Project management mitigates risk of failure

Risk management is about identifying risks, planning how to deal with those risks, and mitigating the impact of those risks.

Mitigation refers to taking actions to reduce the likelihood of a risk occurring or causing harm. In general, mitigation involves reducing the severity of the consequences associated with risk.

This includes things like avoiding potential problems, such as adding extra safety features to machinery; taking steps to prevent accidents, such as installing guards around dangerous equipment; and improving processes, procedures, and systems to make it easier to avoid or fix problems.

A risk is something that could potentially go wrong or cause damage. For example, there are many ways that a machine might fail during production – such as running out of oil, breaking down due to poor maintenance, or being damaged by a collision.

These risks can affect anyone involved in making products, whether they work directly with the machines or use them indirectly. Some examples include:

  • Designing a product that is too heavy, bulky, or fragile
  • Using materials that are too flammable, toxic, corrosive, or explosive
  • Failing to provide adequate training or supervision
  • Making mistakes while operating the equipment
  • Not following proper safety protocols

Continued insights on your project

Project Intelligence helps you manage projects better by providing real-time data that lets you make smarter decisions. This includes predicting potential issues before they occur, saving money, and improving safety.
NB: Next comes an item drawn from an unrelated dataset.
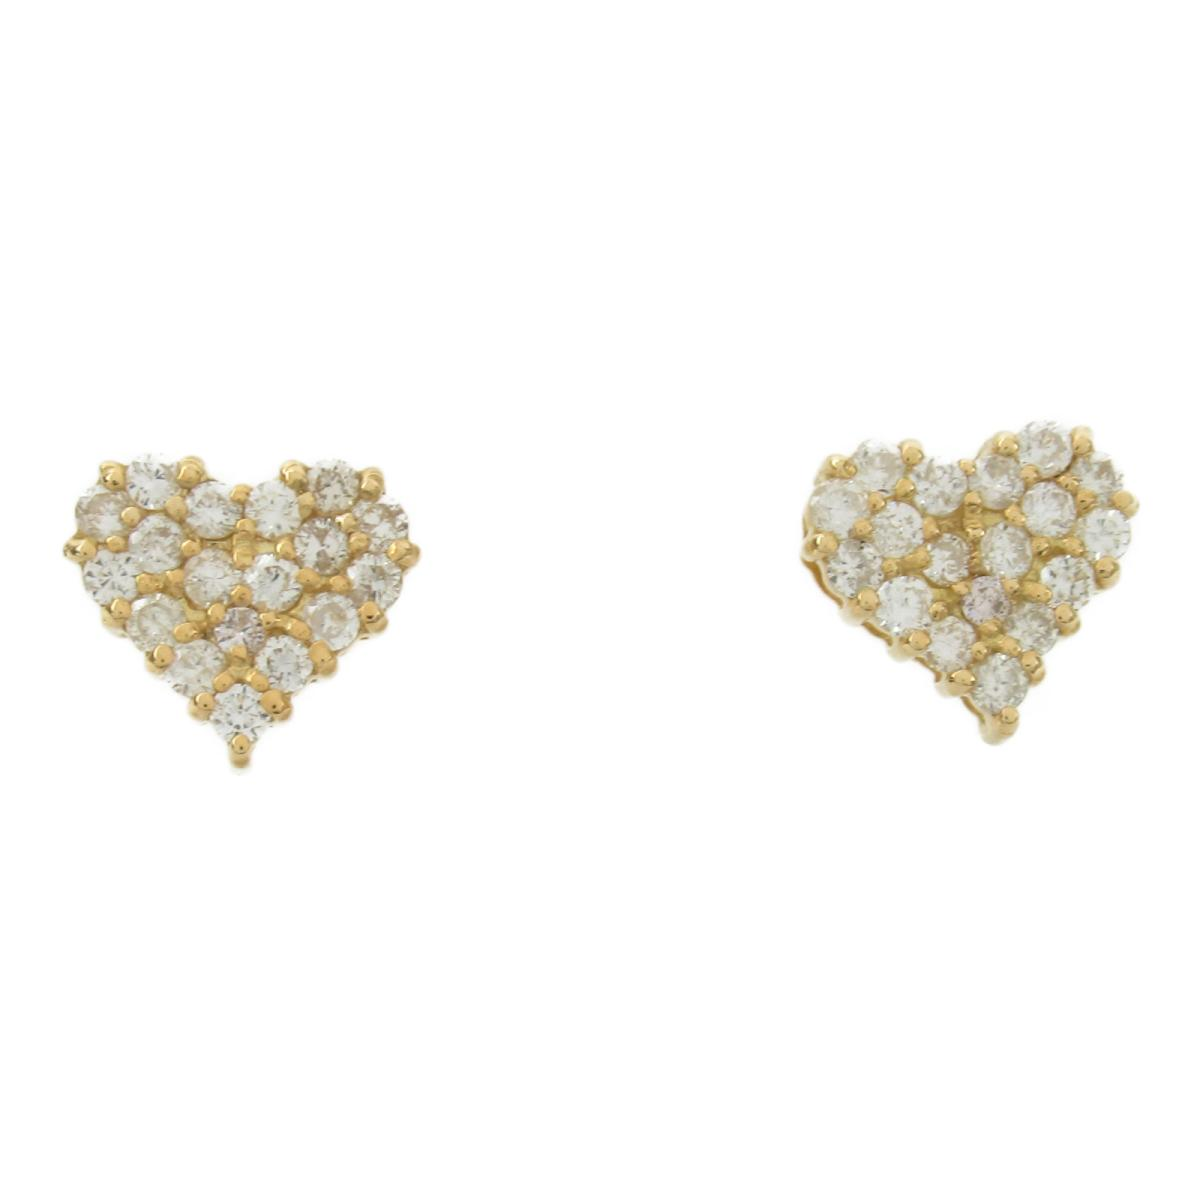 ジュエリー ハート ダイヤモンド ピアス ノーブランドジュエリー レディース K18YG (750) イエローゴールド x ダイヤモンド0.30ct*2 【中古】   JEWELRY BRANDOFF ブランドオフ アクセサリー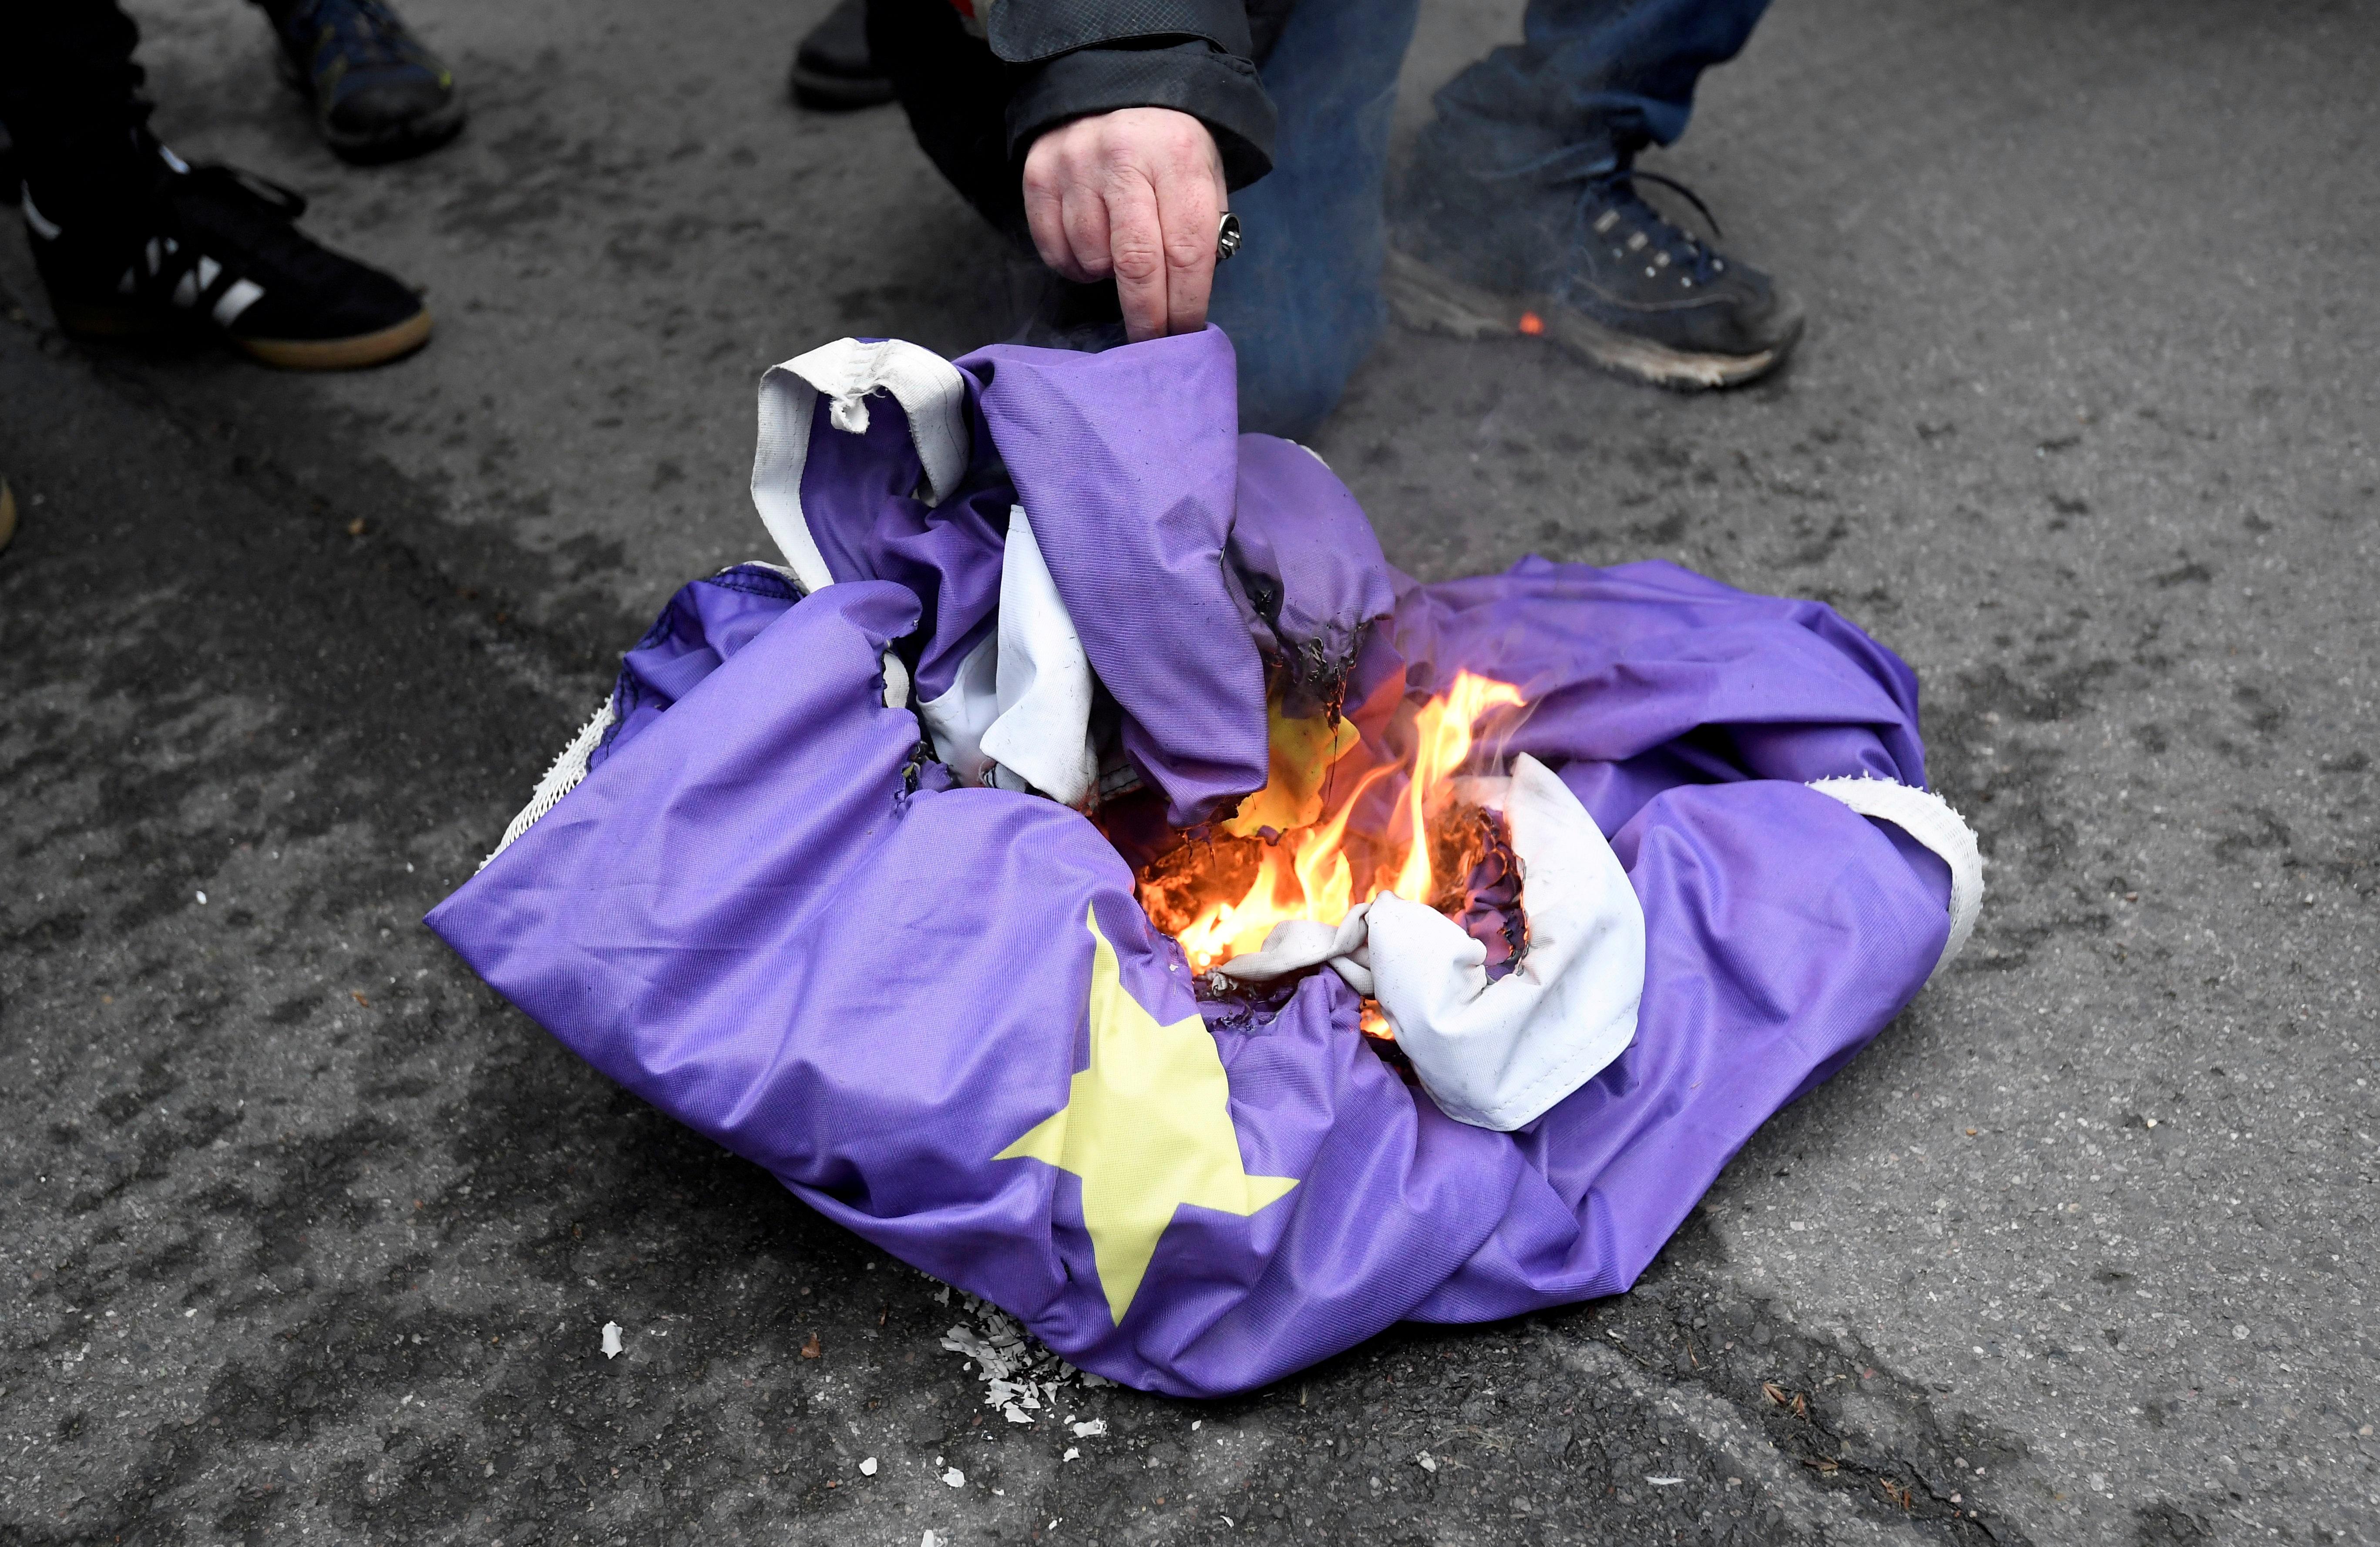 Οπαδός του Brexit έκαψε τη σημαία της Ευρωπαϊκής Ένωσης μπροστά στην πρωθυπουργική κατοικία

Data is an essential part of every construction company, and it can help you build stronger relationships with clients by helping you understand what matters most to them.

With Predictive Analytics, you can use historical data to predict future trends and outcomes. You can even use this information to improve customer satisfaction and loyalty.

What is a Project?

A project is a temporary endeavor with a definite beginning and end. A project has certain stages that need to be completed to achieve a certain desired goal.

Characteristics of a Project

A project begins with a clear start and end date. Projects can last weeks, months, or years but a project cannot go on forever. A project may have an ongoing existence but it will still have a specific end date.

Projects can last weeks, months, or years but a project cannot go on forever. A project may have an ongoing existence but it will still have a specific end date.

  • Project are unique
  • Projects involve challenges to be overcome.
  • Projects are often confused with processes.

Projects are unique.

They involve an element of the unknown and have a beginning and an end. The processes that support projects are, by contrast, repetitive and ongoing.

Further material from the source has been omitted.